Although I have a tonne of other projects to finish (*cough* Star Sampler Quilt Along! *cough*), I’m always on the hunt and yearning to start something new! Here though, is a quick list of immediate projects I’ve got going and/or want to start very soon!
- Star Sampler Quilt Along to finish (the quilt-top construction tutorial will hopefully be ready this coming week!)
- Pixelated Rose Quilt to continue piecing (see my Instagram for more updates!)

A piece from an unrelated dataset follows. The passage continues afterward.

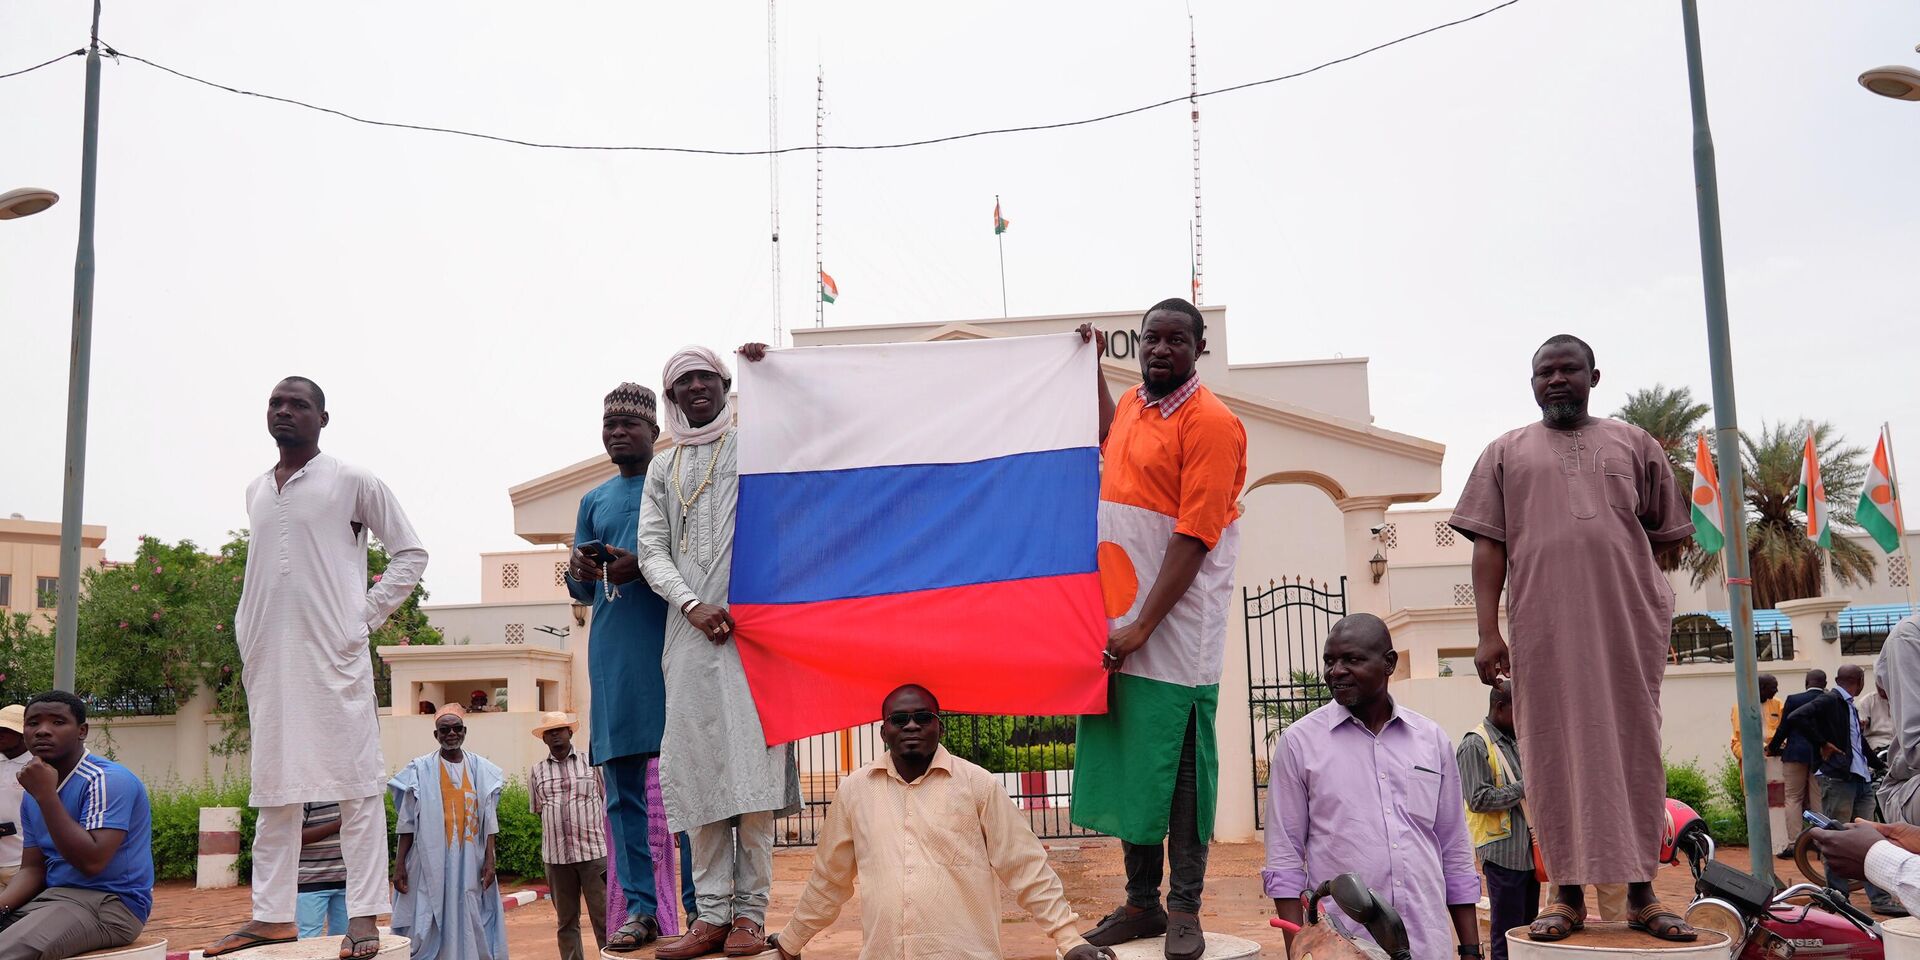 Участники демонстрации в Ниамее, Нигер. 27 июля 2023 года - ИноСМИ, 1920, 20.08.2023

- New crafty YouTube Tutorials to plan and film (includes a lunch tote bag, flower crown and floral wreath and of course more block tutorials!)
- A winter coat to lay out, cut and sew together (yep, the inner dressmaker in me is dying to break out!!)
- Swoon. I have yet another Swoon block waiting patiently for me to piece together (this one involves a beautiful colour palette of purple Tula Pink fabrics!)
There’s just so much I want and need to do! It can be awfully overwhelming at times… But little-by-little I’ll get there and do it all to the best of my ability!
I hope you’re all enjoying a splendid period of creativeness and are enjoying whatever it is that you’re currently making!
Happy Sewing, Friends!
5 responses to “Analysing a Floral Stitchery”
I love your work but u need to be more accurate, because i am learning
Why Amanda Why? You are a crafty enabler. Now I’m going out to buy all the things to embroidery. Really, who am I kidding, it doesn’t take much to influence me to take up more crafting but your piece is so nice and I love seeing the variegated flosses in use.
Love this Amanda, thanks for sharing this beautiful stitcher! Wondering if you have a tutorial for square in a square block. I need to make a 12.5 unfinished block, I have know idea how to figure out the sizes of each block. Maybe a paper piecing pattern?
Sent from my iPad, Barb
I really enjoyed reading this blog post! I think it’s very clever to apply your florist knowledge into this kind of pattern. The result is just lovely (and I really enjoyed seeing the progress on Instagram too). I am curious about what fabric did you use as a base. It’s linen? It looks gorgeous.
I look forward the next step of the QAL, although I might have a plan of my own, I’ll wait until I see what you have in storage ;-).
Best regards, Ariadna.
That’s really beautiful and I love that you have put so much thought into being true to the original flower colours. It makes me think of some beautiful embroideries done by my distant great aunts, which must be from the first part of the 20th century. My mum still has them all… she got one framed which is lovely, although most of the others have some degree of staining (must have been all those afternoon teas!!) on the old white linen which I don’t know how to get out without ruining the embroidery.